Now, the club is in a complete mess — and, in the worst-case scenario, could yet go out of business.
On Wednesday, Bolton officials are due in the High Court in central London over an unpaid tax bill of 1.2 million pounds ($1.6 million) and other debts. Britain’s tax department says the club will go into bankruptcy protection if it doesn’t pay what it owes.
The problems are many at Bolton, which is now languishing in next-to-last place in the second-tier League Championship and is likely to be relegated to the third division in the coming weeks.
The club — one of the 12 founding members of England’s Football League in 1888 — is in a dire financial position, with its players currently on a 48-hour strike in support of staff whose wages were not paid on time for the second straight month. It is the second time in less than a year that players have taken such action.
In addition, the team will have to play its next two matches behind closed doors after Bolton’s safety advisory group decided Tuesday that the club could not guarantee the safety of fans at the stadium. The group, which comprises representatives of the local council, police and emergency services, informed the Football League that it has placed a prohibition notice on the club.
With Bolton desperate for wins in an effort to escape relegation, having no supporters for the games against Ipswich on Saturday and Middlesbrough on April 9 is a big blow. The team is five points from safety with seven games left this season.
Through all of this, Bolton chairman Ken Anderson, a former agent who bought the club in 2016, says he is hitting obstacles in his efforts to sell it — infuriating fans in the process.
The latest in a series of bullish updates from Anderson was published Tuesday, in which he said “talks are ongoing with buyers” whose “advisors (say) that they are in a position that will enable completion to take place shortly.”
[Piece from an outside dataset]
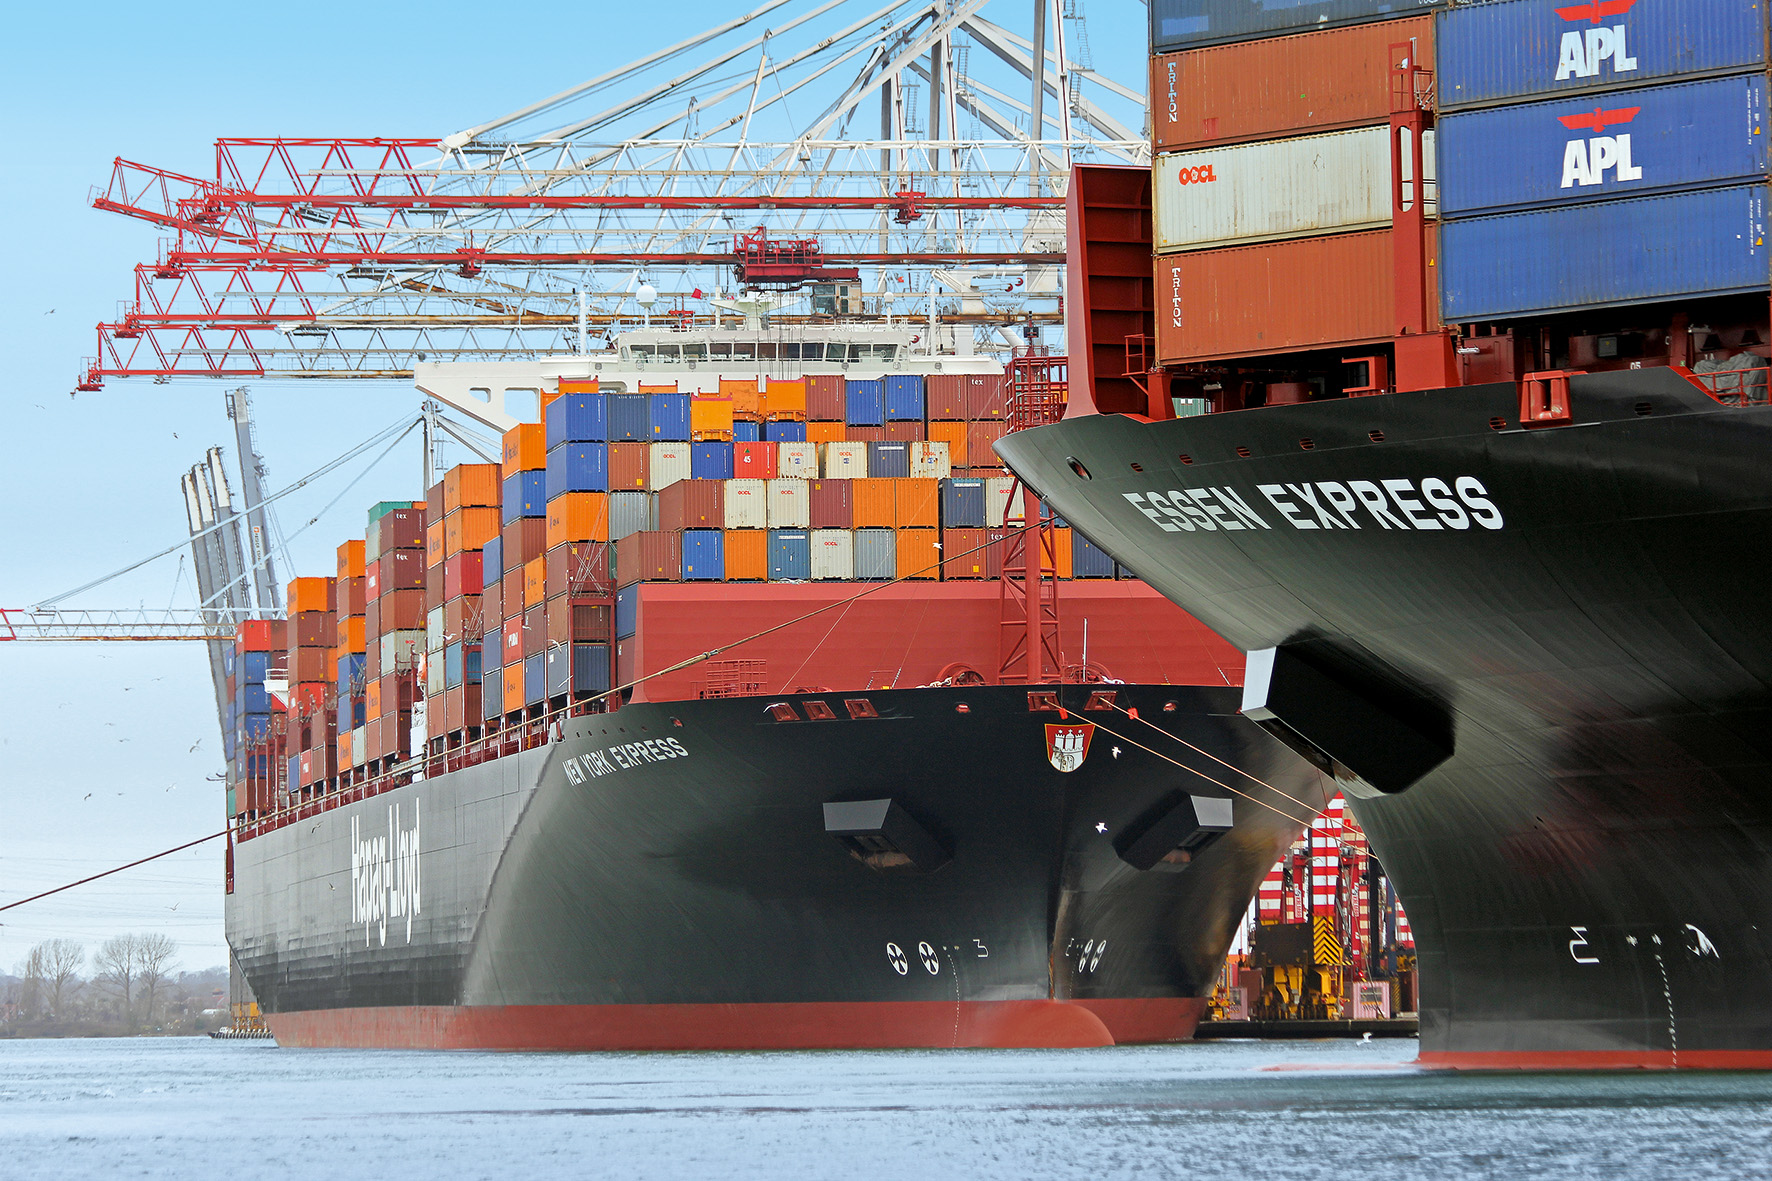 Hapag-Lloyd – Container-Reederei profitiert von hohen Frachtraten, doch die Meinungen der Analysten gehen weit auseinander: 42 % Kurspotenzial vs. 48 % Kursverfall
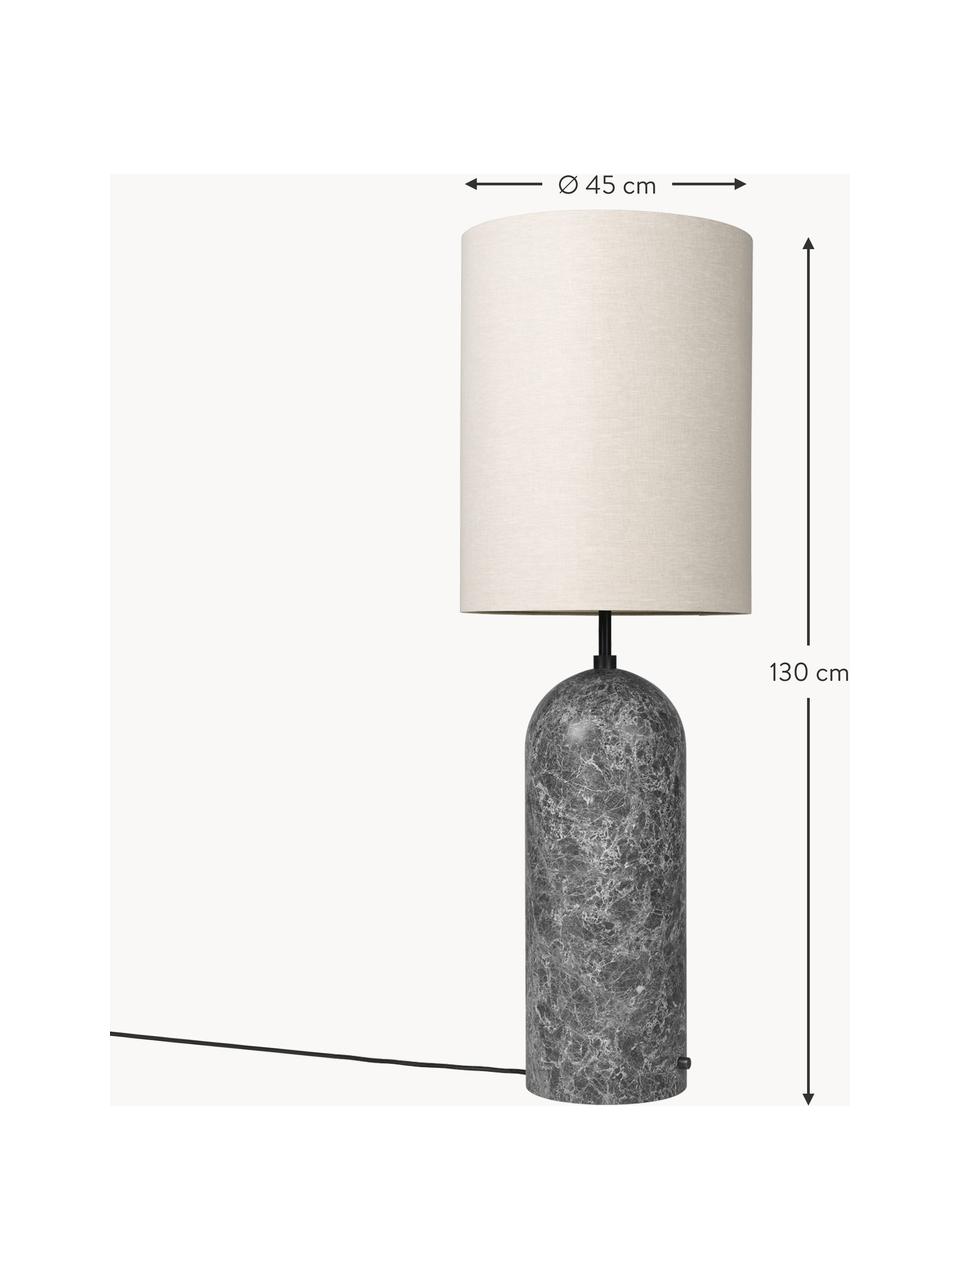 Kleine dimmbare Stehlampe Gravity mit Marmorfuß, Lampenschirm: Stoff, Lampenfuß: Marmor, Hellbeige, Dunkelgrau marmoriert, H 130 cm

Anderson urged the team’s players to go back to work, saying their decision “has a negative rather than a positive logic behind it.”
“I have read that the players and management staff have said that being paid late does not actually motivate them to go out and perform on the pitch,” Anderson said, adding pointedly: “That is fully understandable, but perhaps they could also explain why the results up to Christmas were not exactly impressive either?”
And in remarks that likely didn’t go down well with club staff yet to be paid their salary, Anderson said: “Let’s remember, yesterday was only April 1, so it is not as if it is weeks late, is it?”
These latest events contrast sharply to the Bolton of 15-20 years ago when the club was well run and constantly punched above its weight before its relegation in 2012, which ended 11 straight years in the top flight.
Bolton reached the last 16 of the now-defunct UEFA Cup in 2008. At the end of the stewardship of Sam Allardyce (1999-2007), the team finished in the top eight of the Premier League every year from 2004-07 and was a beaten finalist in the English League Cup in 2004.
There were two glorious years — from 2002-04 — when Bolton’s attack was led by Djorkaeff, a World Cup winner with France in 1998, and Okocha, a Nigerian whose flair and skills made him one of the most watchable players in the world’s most watched league.
Now, many soccer fans only hear of Bolton in relation to a crisis that is damaging the reputation of one of the English game’s most famous names.